CHICAGO — Nearly one-third of elderly general medicine patients were readmitted within 30 days in a retrospective analysis of 164 patients.
Neither inpatient providers nor a standardized algorithm accurately predicted which patients would be readmitted, Dr. Nazima Allaudeen and her associates reported in a poster at the annual meeting of the Society of Hospital Medicine.
“My take-home from this is [that] all of our patients are at risk,” she said in an interview. “Whatever intervention you're going to put in place—whether it be educating your patients more, making sure they have better social support, better patient medication—you really need to do it for everyone.”
Among 159 patients aged 65 years or older, discharged from the general medicine service at the University of California San Francisco Medical Center during a 5-week period beginning March 17, 2008, 52 (32.7%) were readmitted within 30 days. Five patients died during the 30-day postdischarge period.
The rate is much higher than was identified in a recent Northwestern University study in which nearly 20% of 11,855,702 Medicare beneficiaries were rehospitalized within 30 days (N. Engl.

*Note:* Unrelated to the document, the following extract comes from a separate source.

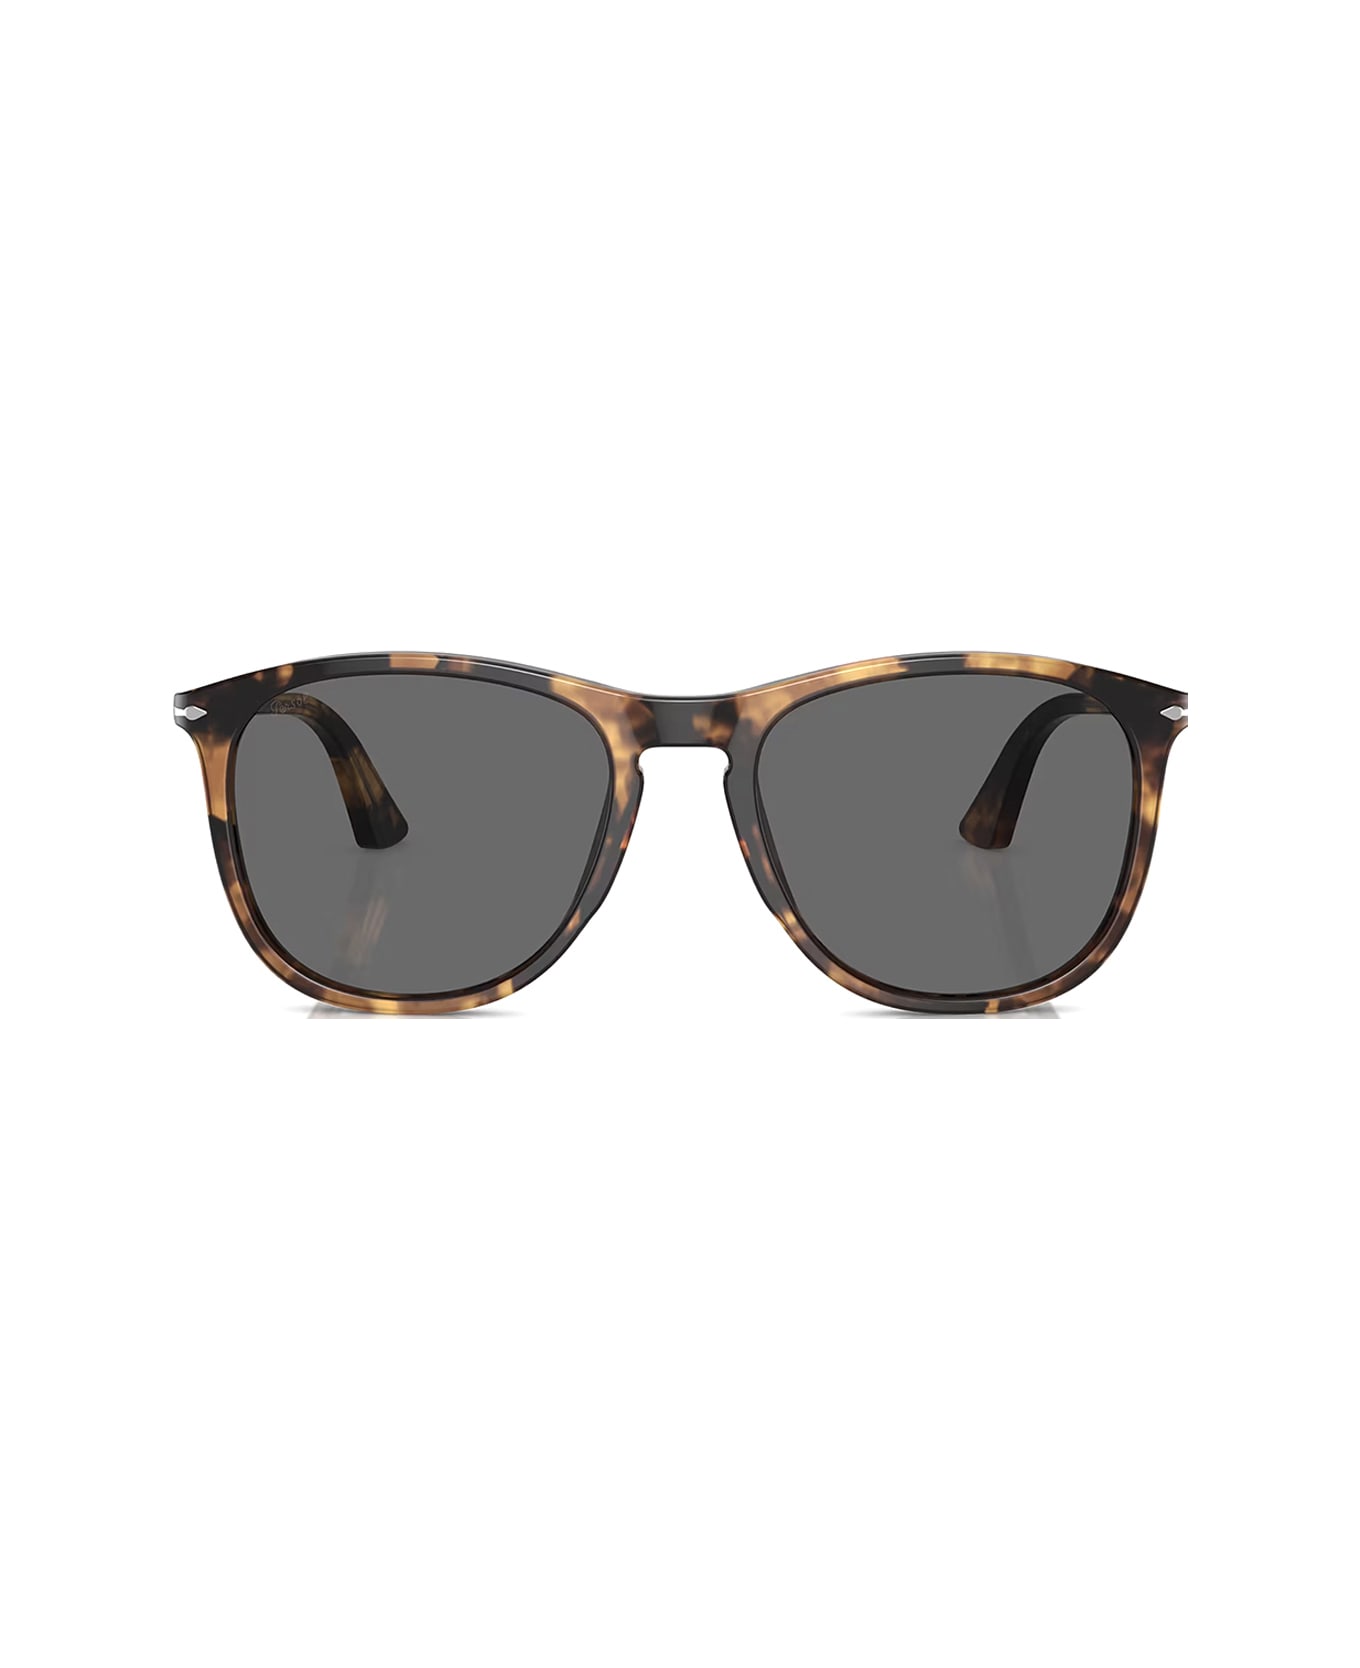 Persol Po3314s 1102b1 Sunglasses - Marrone サングラス

J. Med. 2009;360:1418-28).
The higher rate could be explained by the fact that data on unscheduled readmissions to other hospitals were captured—data often missed in other studies, said Dr. Allaudeen, of the Veterans Affairs Palo Alto (Calif.) Health Care System. The researchers reviewed electronic medical records at the local county hospital as well as their own institution, and telephoned patients or caregivers to determine readmission to outside hospitals. They also excluded patients who died during the 30-day postdischarge period.
In the current study, attending physicians did the best job of predicting who would be readmitted. Their mean predicted readmission rate of 32.5% fell just shy of the actual 32.7% rate. The predicted readmission rate was 41.5% using the probability of repeat admission (Pra) algorithm, which was calculated using eight variables extracted during chart review.
Readmissions cause significant distress to patients and caregivers, and are associated with considerable financial costs. The authors contend that it is especially critical for hospitals to have in place systematic interventions targeting general medicine patients now that Medicare may be changing reimbursement policies for hospital readmissions.
The authors disclosed no conflicts of interest.